The upper panel 1120 of the current aspect can be of a lateral dimension 1124 of about the same as lateral dimension 1114, or, in various aspects, can be slightly less than lateral dimension 1114. The upper panel 1120 can be of a vertical dimension 1122 that is about half of a width of a resultant box 2000 (discussed later in this disclosure) formed from the blank 1000. As a result, the vertical dimension 1122 can be about half of the lateral dimension 1214. In the current aspect, the upper panel 1120 can be devoid of additional features, although in various aspects the upper panel 1120 can be formed with various features as described elsewhere in this disclosure.

The lower panel 1130 of the current aspect can be of a lateral dimension 1134 of about the same as lateral dimension 1114, or, in various aspects, can be slightly less than lateral dimension 1114. The lower panel 1130 can be of a vertical dimension 1132 that is about half of a width of a resultant box 2000 (discussed later in this disclosure) formed from the blank 1000. As a result, the vertical dimension 1132 can be about half of the lateral dimension 1214. In various aspects, the vertical dimension 1132 can be greater than or less than half of the lateral dimension 1214, and, in various aspects, the sum of vertical dimension 1132 and vertical dimension 1122 can be about the same as lateral dimension 1214. In the current aspect, the lower panel 1130 can comprise at least one receiving connection feature 1600. Each receiving connection feature 1600 can provide for connection of various other features of the blank 1000 when formed into a box 2000 (discussed later in this disclosure). In the current aspect, each receiving connection feature 1600 can comprise at least one connection aperture 1610. In the current aspect, each connection aperture 1610 can be defined in the panel in which it is located, specifically in the lower panel 1130 in the current aspect. The connection aperture 1610 can define a first vertical end 1612 and a second vertical end 1614 as well as a first lateral end 1616 and a second lateral end 1618. In the current aspect, the second vertical end 1614 can be straight and can also be termed a stop end, as can be described in greater detail later.

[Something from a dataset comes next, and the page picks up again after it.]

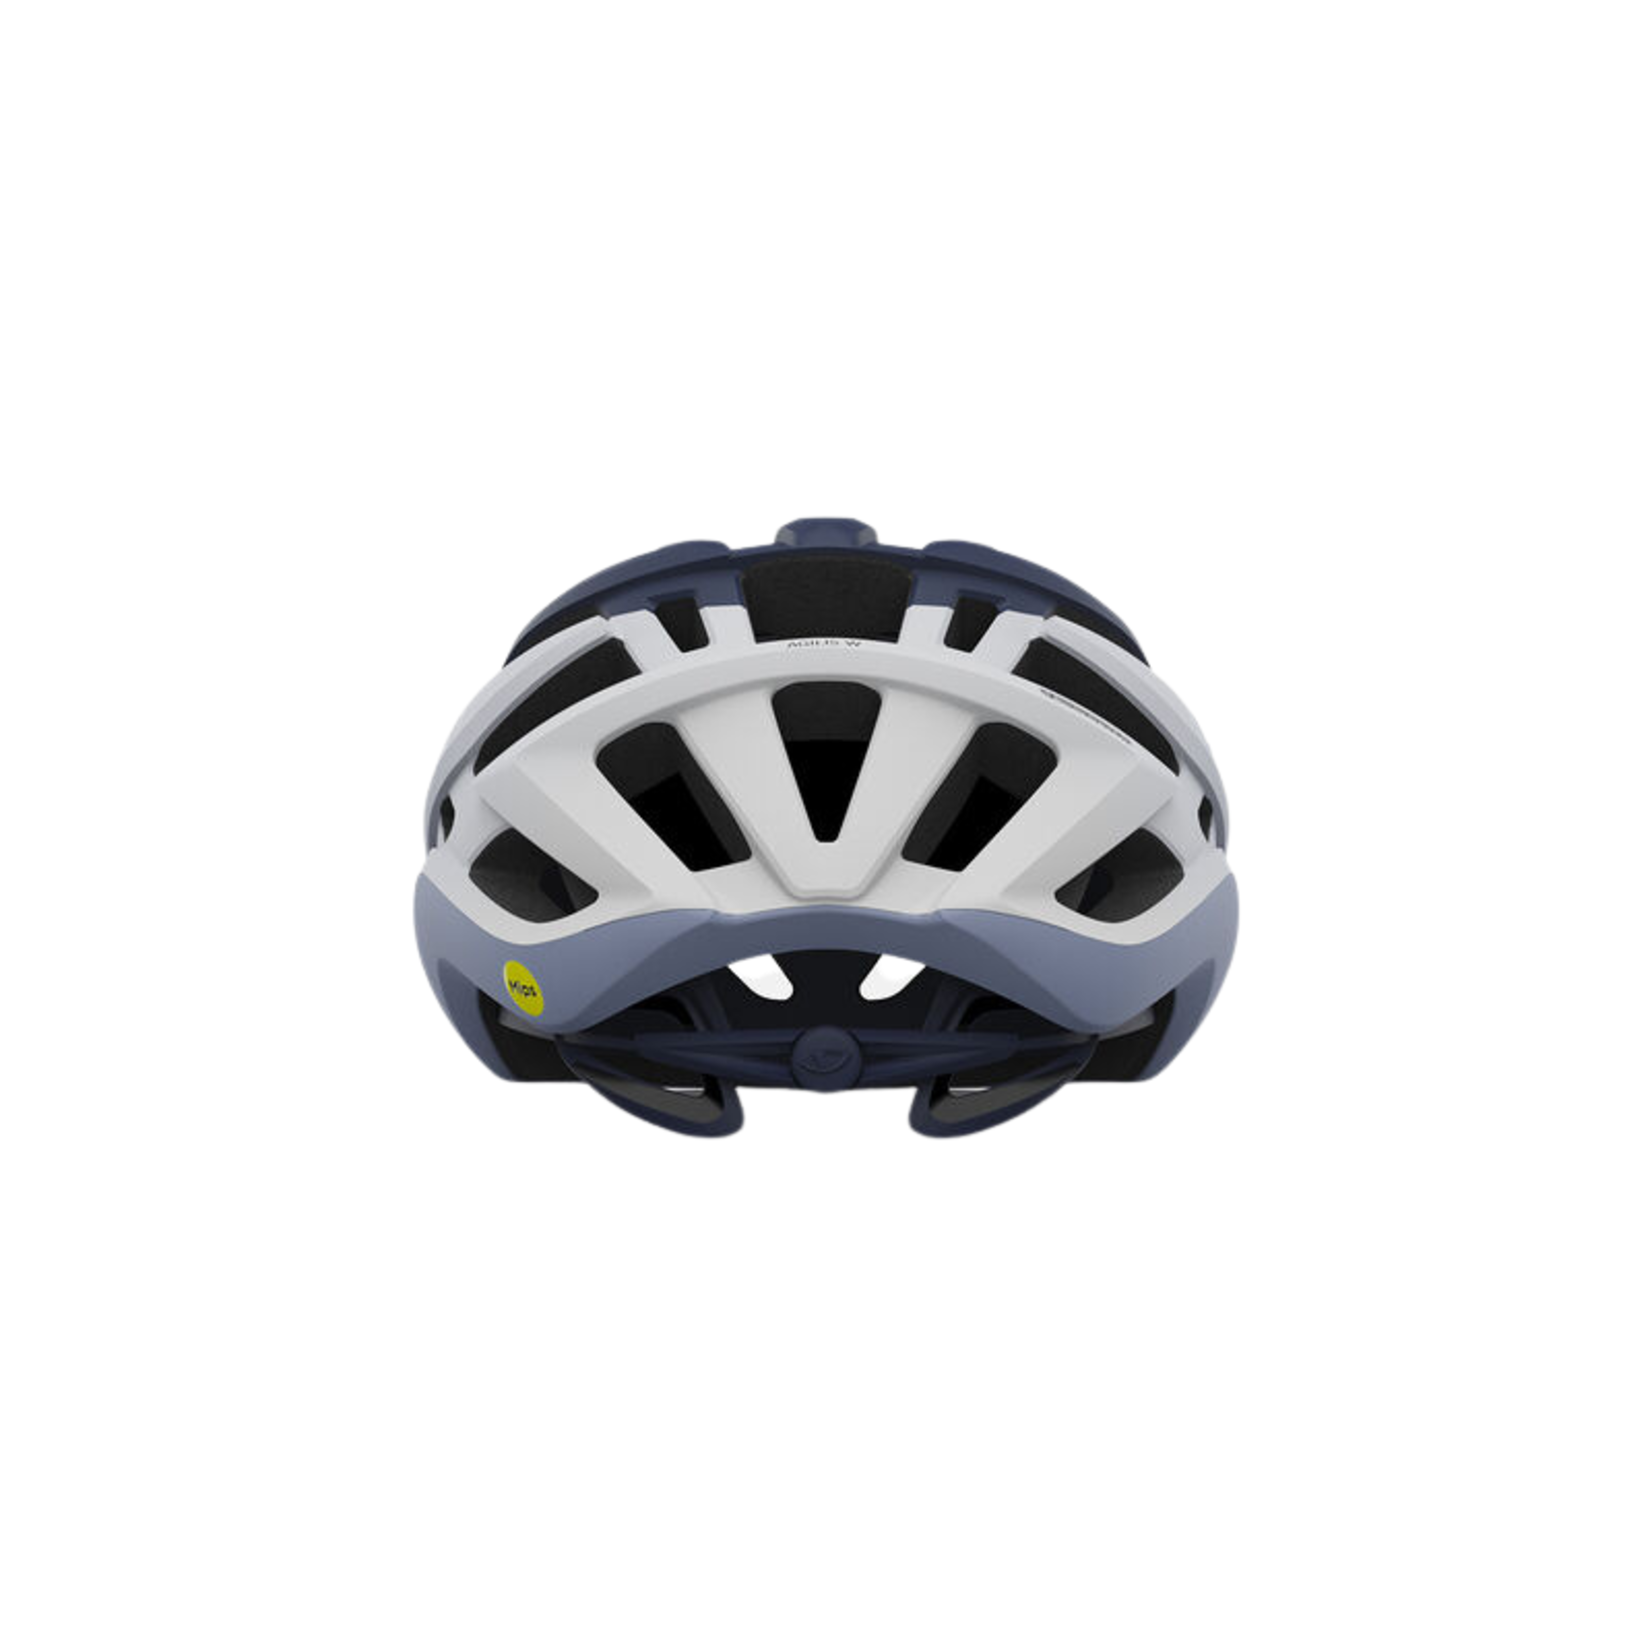 Giro Giro Agilis MIPS Helmet Women's

As seen with respect to the detail view of FIG. 2, the connection aperture 1610 can define an elongate aperture having an opening larger on one side than on the other in the current aspect. The connection aperture 1610 can include a slim portion 1642 and an expanded portion 1644. In the current aspect, the slim portion 1642 can extend from the first vertical end 1612 along a length of the connection aperture 1610. Along the slim portion 1642, the first lateral end 1616 can be about parallel to the second lateral end 1618 to define an opening of about constant width. At an inflection point 1646, the second lateral end 1618 can initiate the expanded portion 1644 by defining an angle 1647 with respect to the slim portion 1642. The portion of the expanded portion 1644 defined along the angle 1647 can be referred to as the angled portion 1648 of the expanded portion 1644. In the current aspect, the angle 1647 can be about 45°. The expanded portion 1644 can also define a notch 1645 that can extend in a lateral direction from the angled portion 1648, thereby defining a notched portion 1649 of the expanded portion 1644 that can terminate at a lateral-most extent of the second lateral end 1618. Various corners of the connection aperture 1610 can be rounded as shown to reduce potential for tears or cracks along their features. However, one of skill in the art would understand that these features need not be rounded to accommodate the scope of the current disclosure. As can be seen, the first vertical end 1612 can become tangent to or coincident with the score line 1135 in various aspects, although the first vertical end 1612 need not touch the score line 1135.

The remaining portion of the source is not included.